Work item:
Could you set down the lines from the first line of the entries below through the line with "Kỷ niệm hành", exactly and with no pictures?

Exercise data:
□ □ □

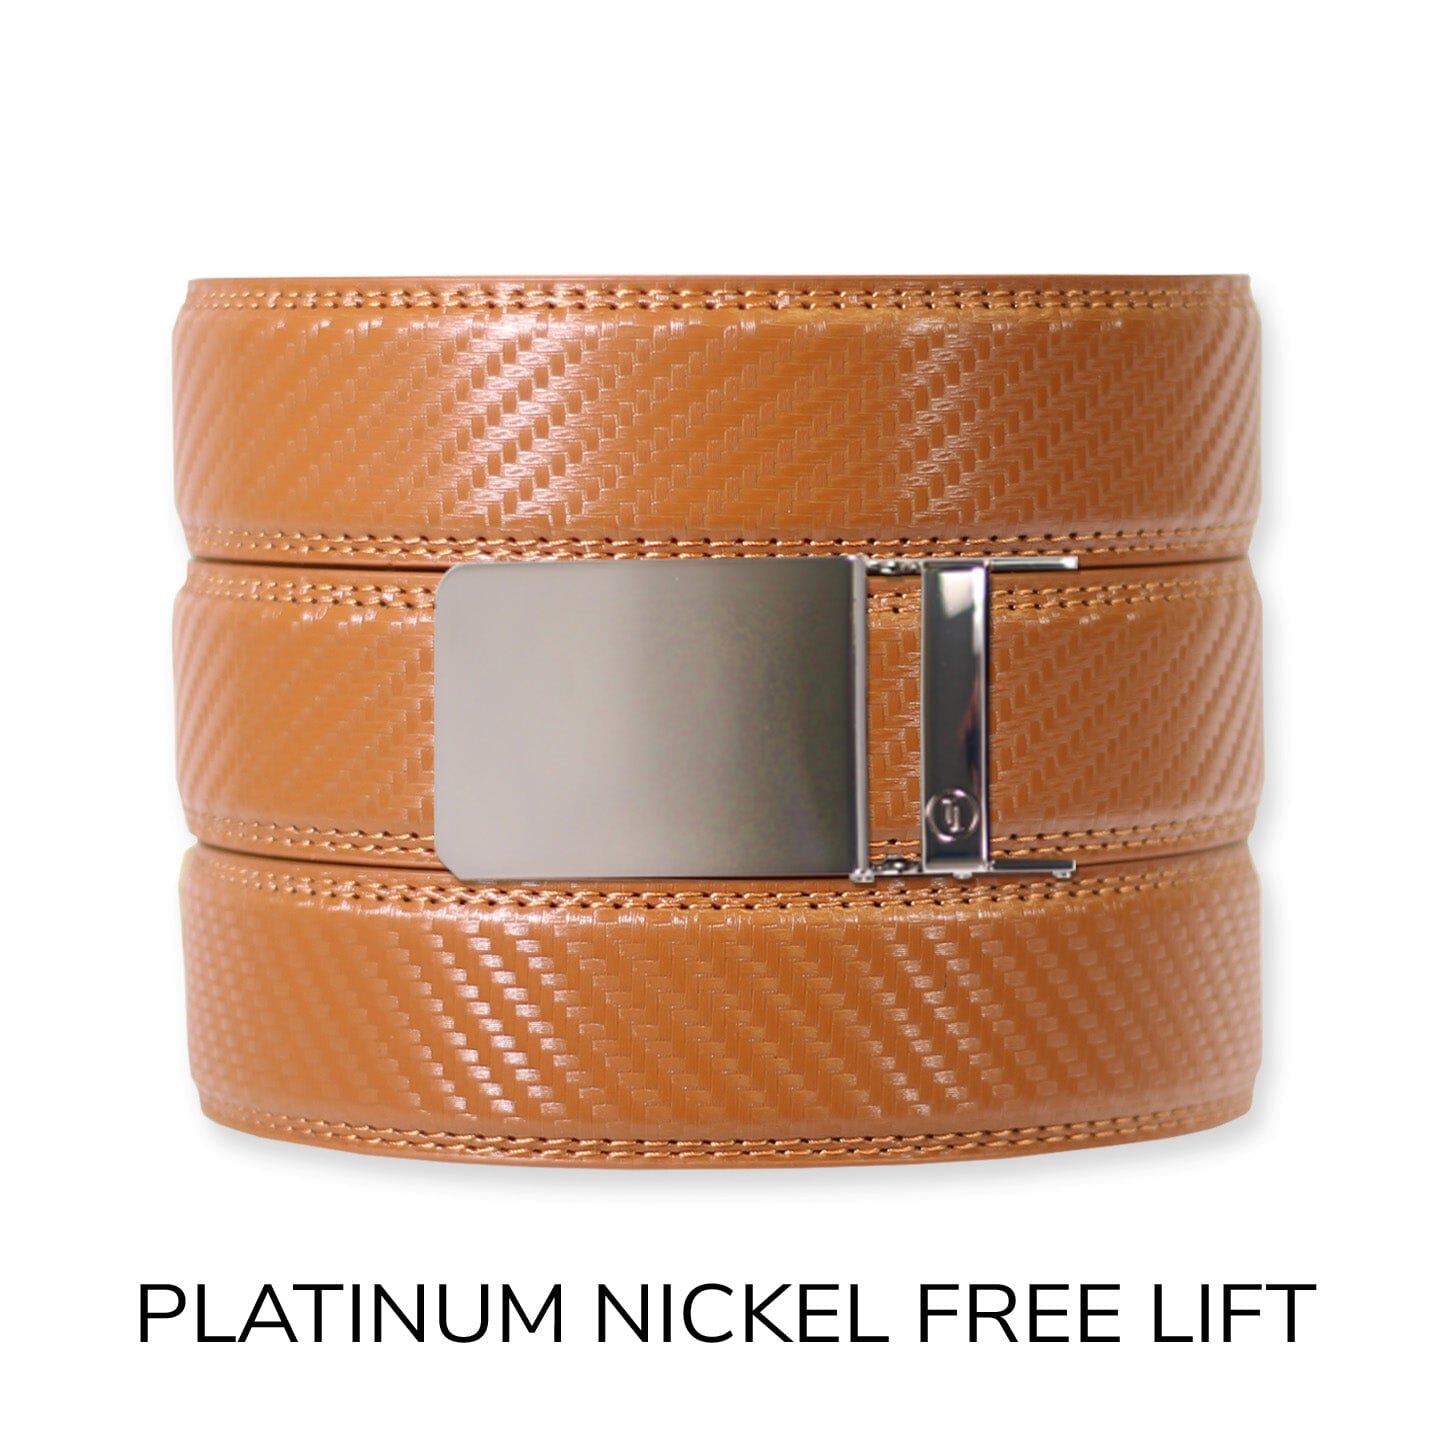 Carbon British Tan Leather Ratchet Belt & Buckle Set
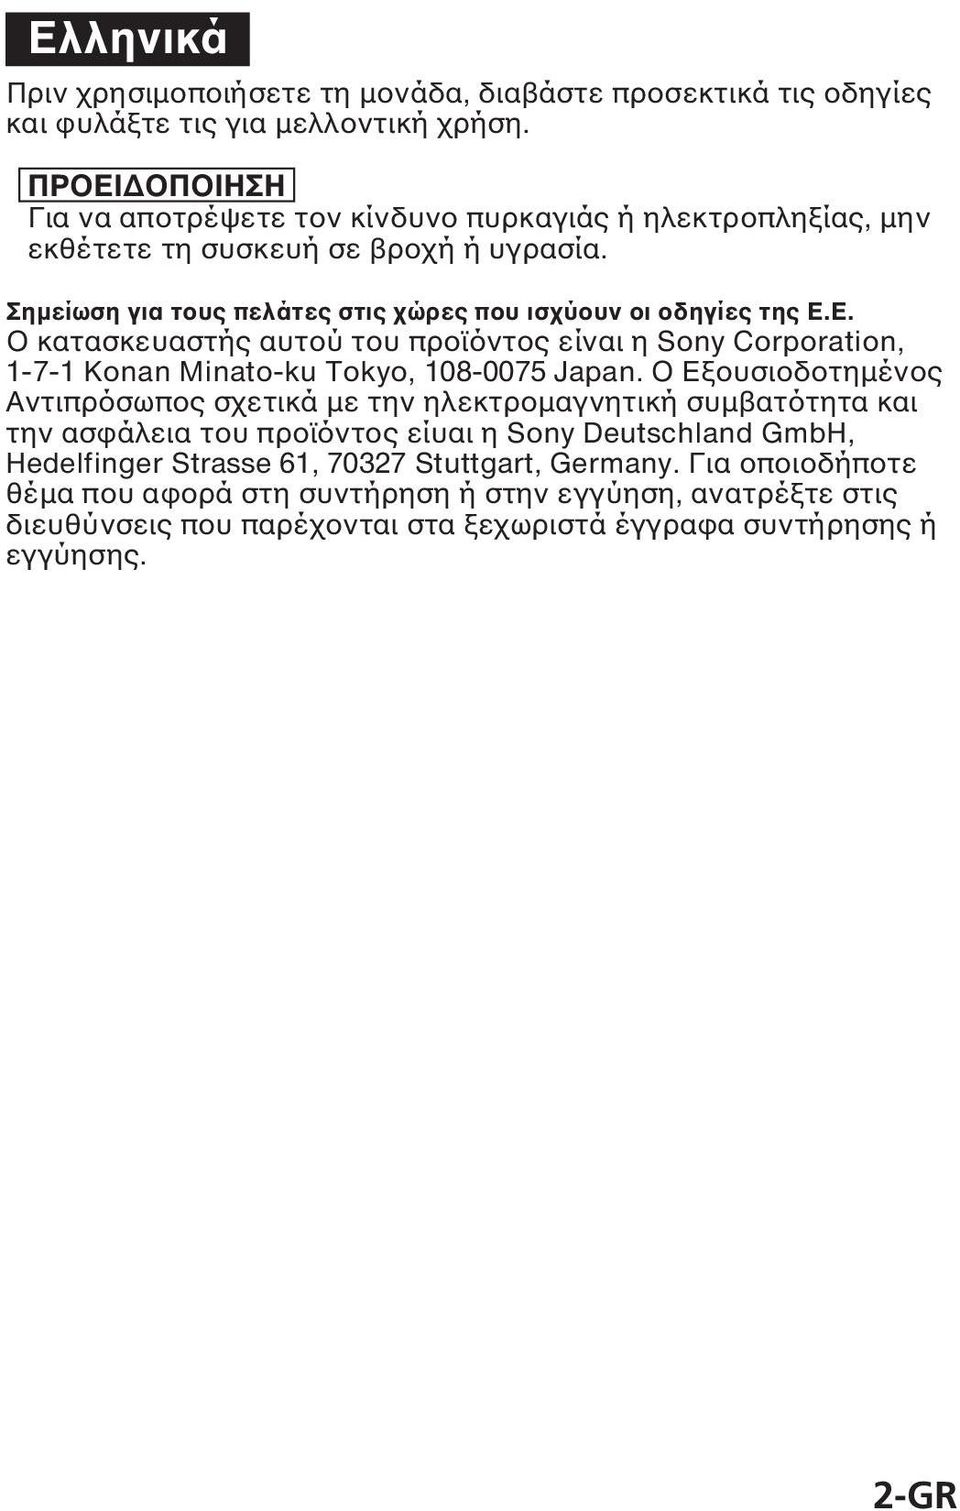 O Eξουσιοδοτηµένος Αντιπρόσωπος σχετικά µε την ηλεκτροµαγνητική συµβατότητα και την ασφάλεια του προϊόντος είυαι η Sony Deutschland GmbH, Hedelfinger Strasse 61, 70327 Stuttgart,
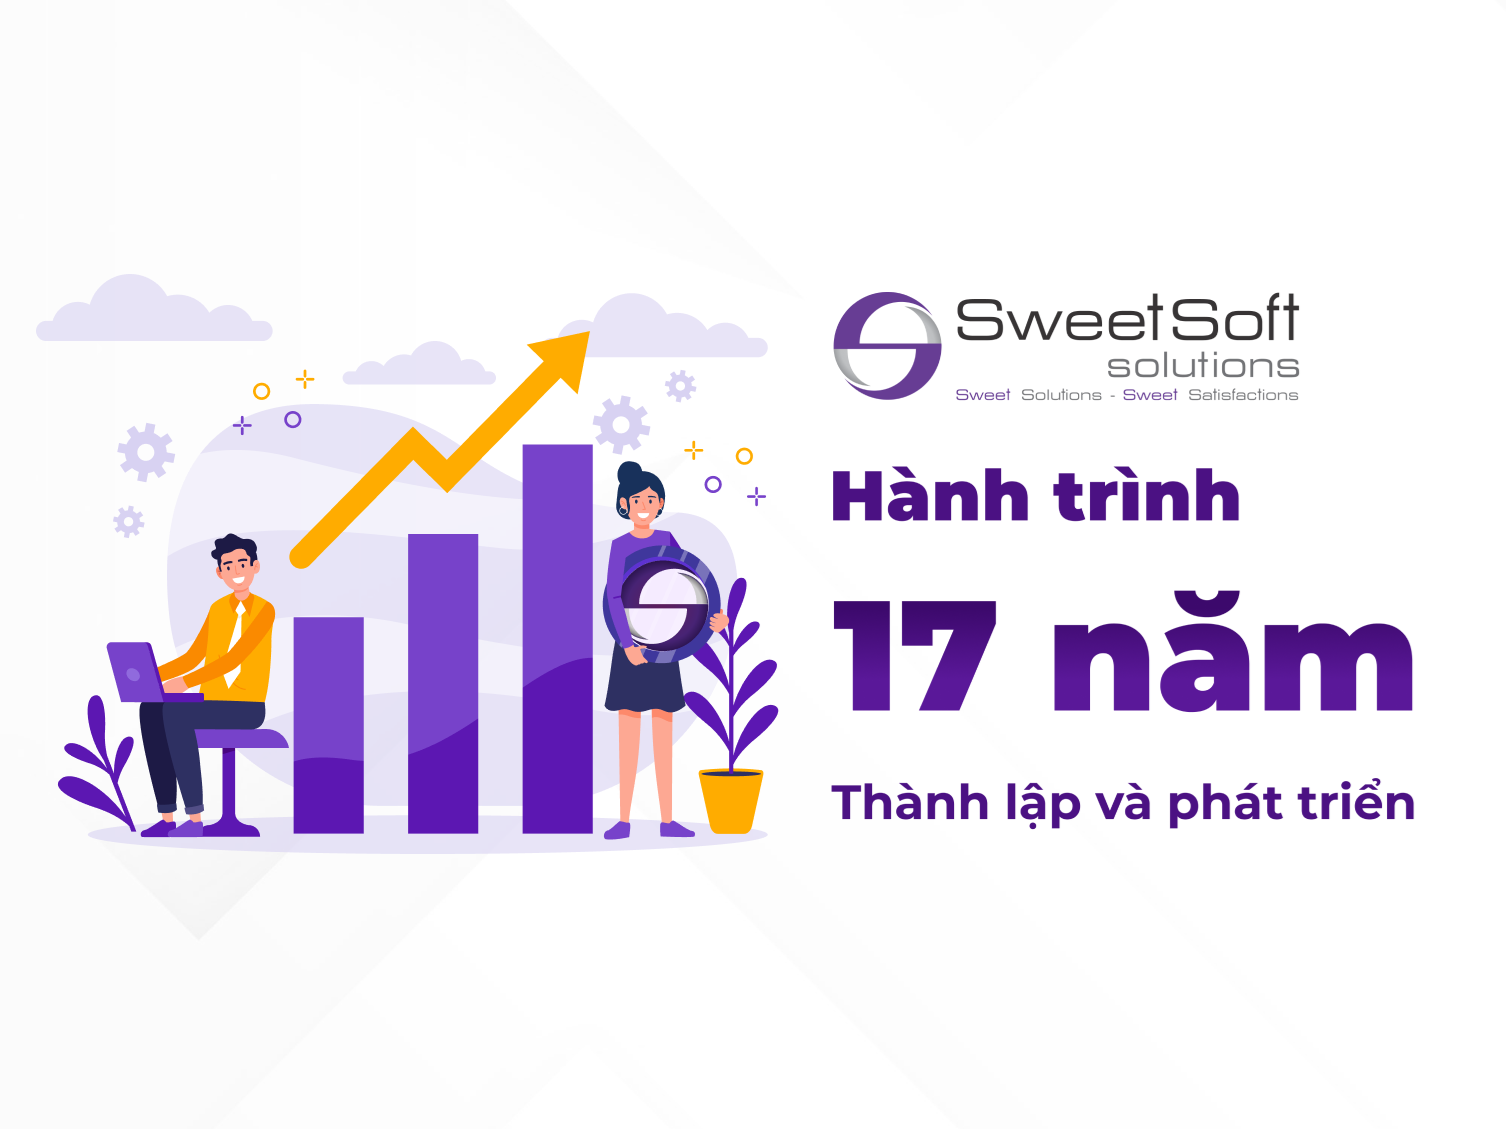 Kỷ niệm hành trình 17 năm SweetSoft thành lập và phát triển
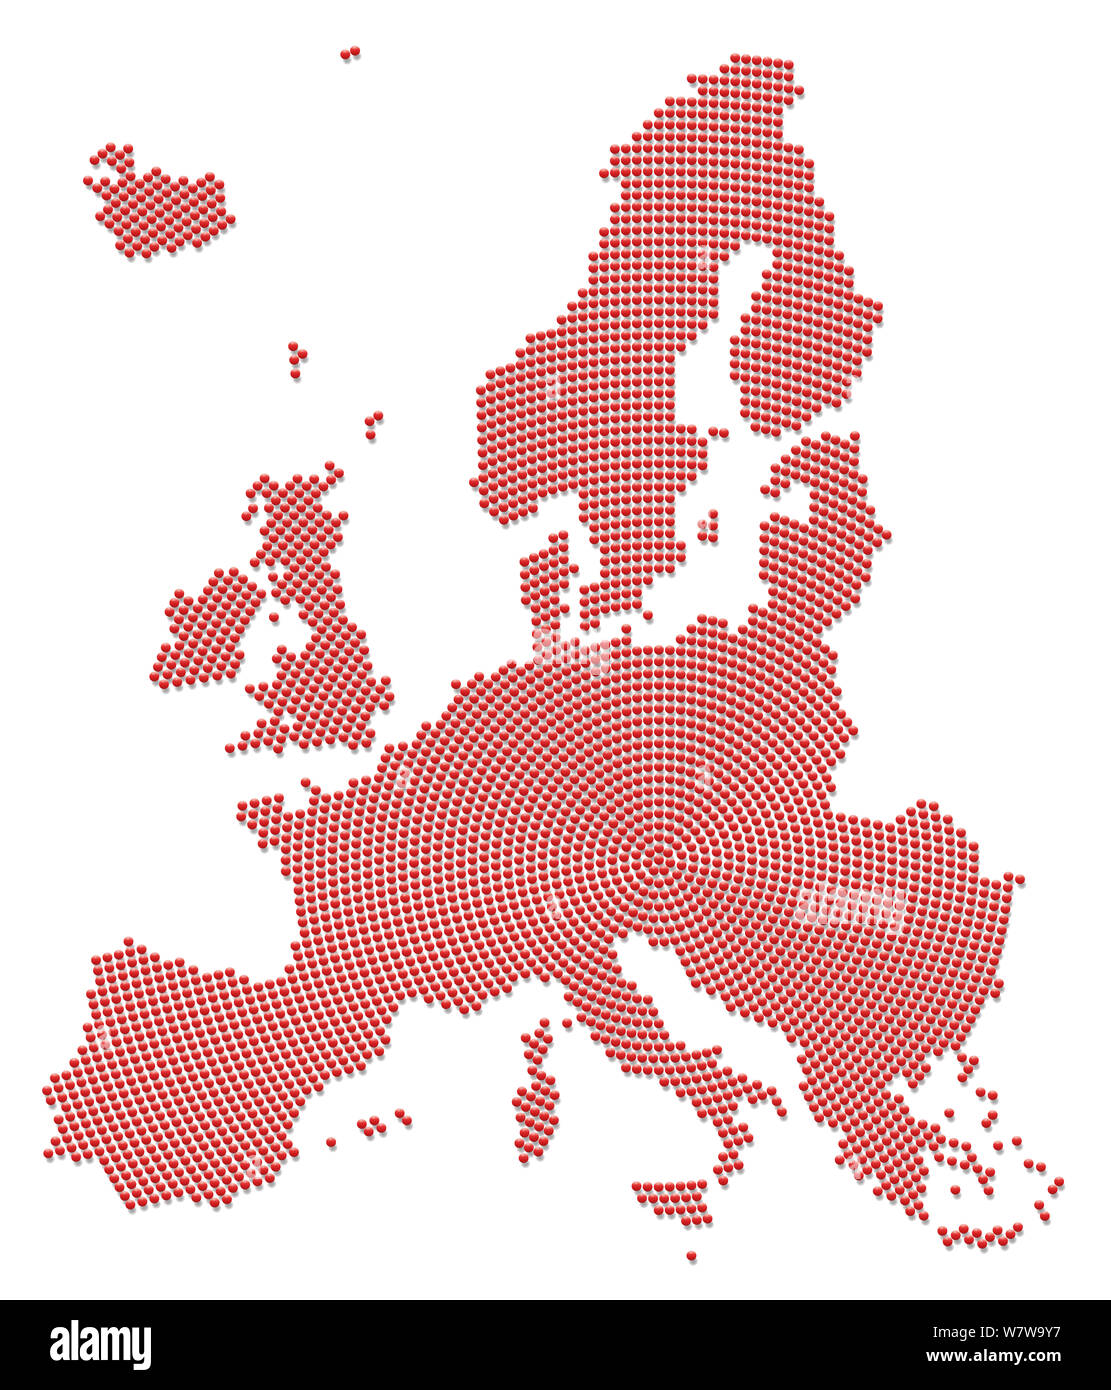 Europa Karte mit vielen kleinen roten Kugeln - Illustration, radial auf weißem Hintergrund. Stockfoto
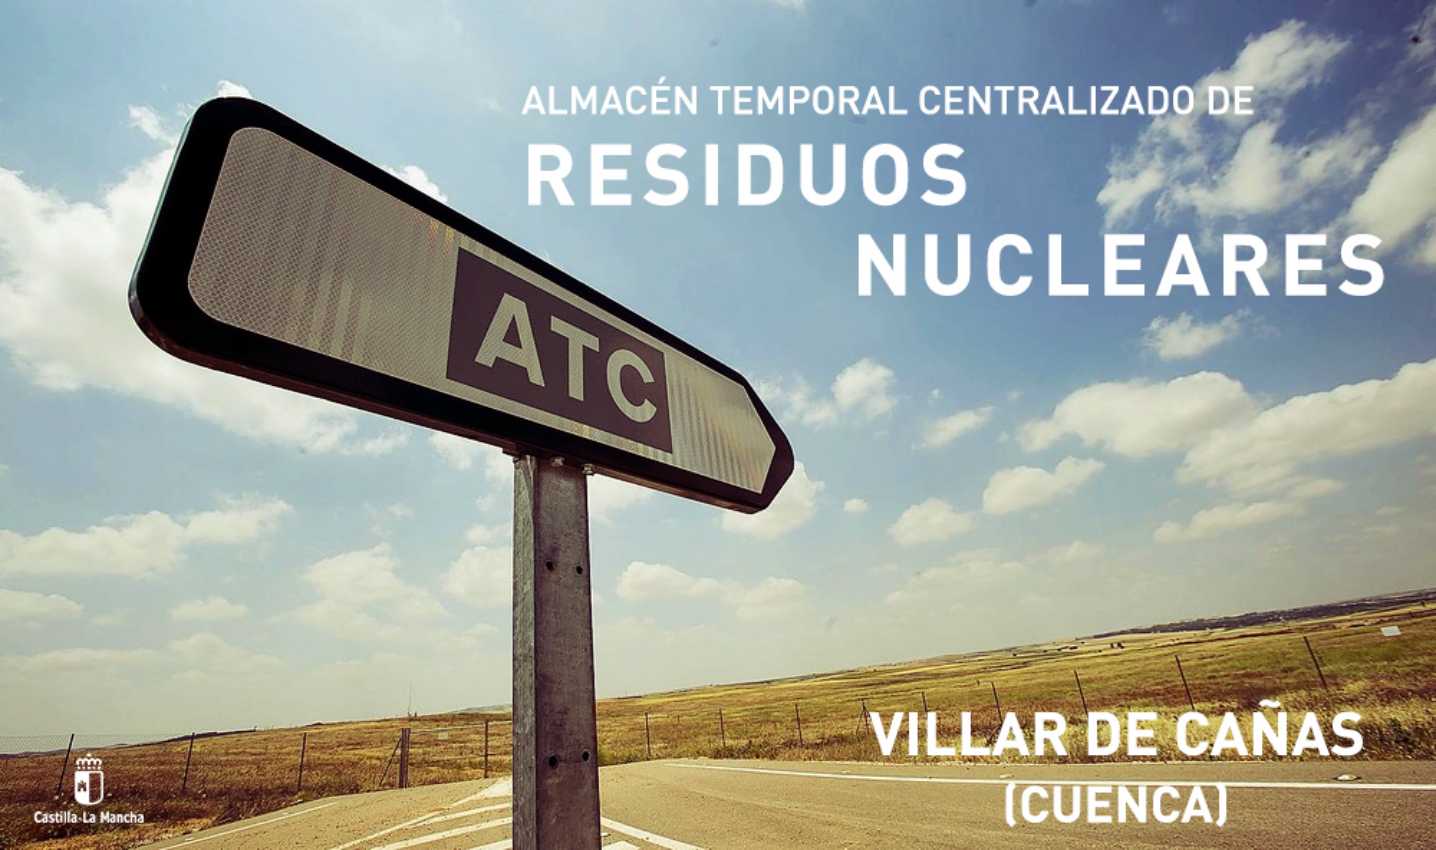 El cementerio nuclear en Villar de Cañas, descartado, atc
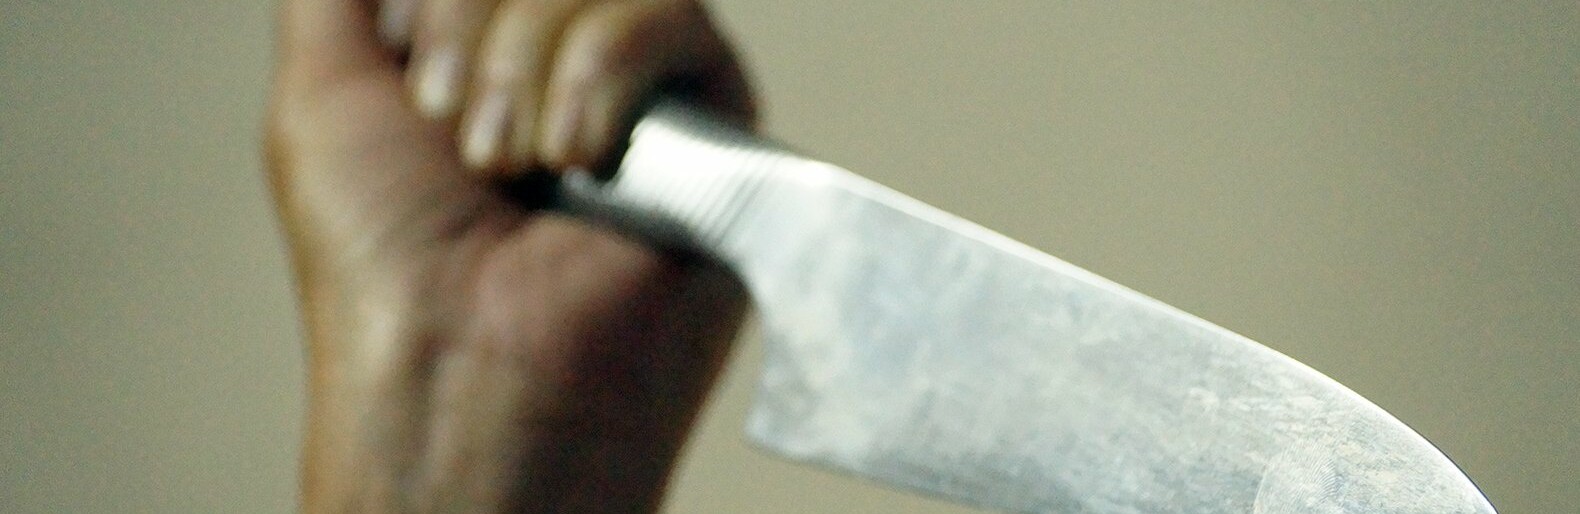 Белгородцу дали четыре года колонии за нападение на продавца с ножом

□ □ □

Result:
 Carbon British Tan Leather Ratchet Belt & Buckle Set
 O Eξουσιοδοτηµένος Αντιπρόσωπος σχετικά µε την ηλεκτροµαγνητική συµβατότητα και την ασφάλεια του προϊόντος είυαι η Sony Deutschland GmbH, Hedelfinger Strasse 61, 70327 Stuttgart,
 Kỷ niệm hành trình 17 năm SweetSoft thành lập và phát triển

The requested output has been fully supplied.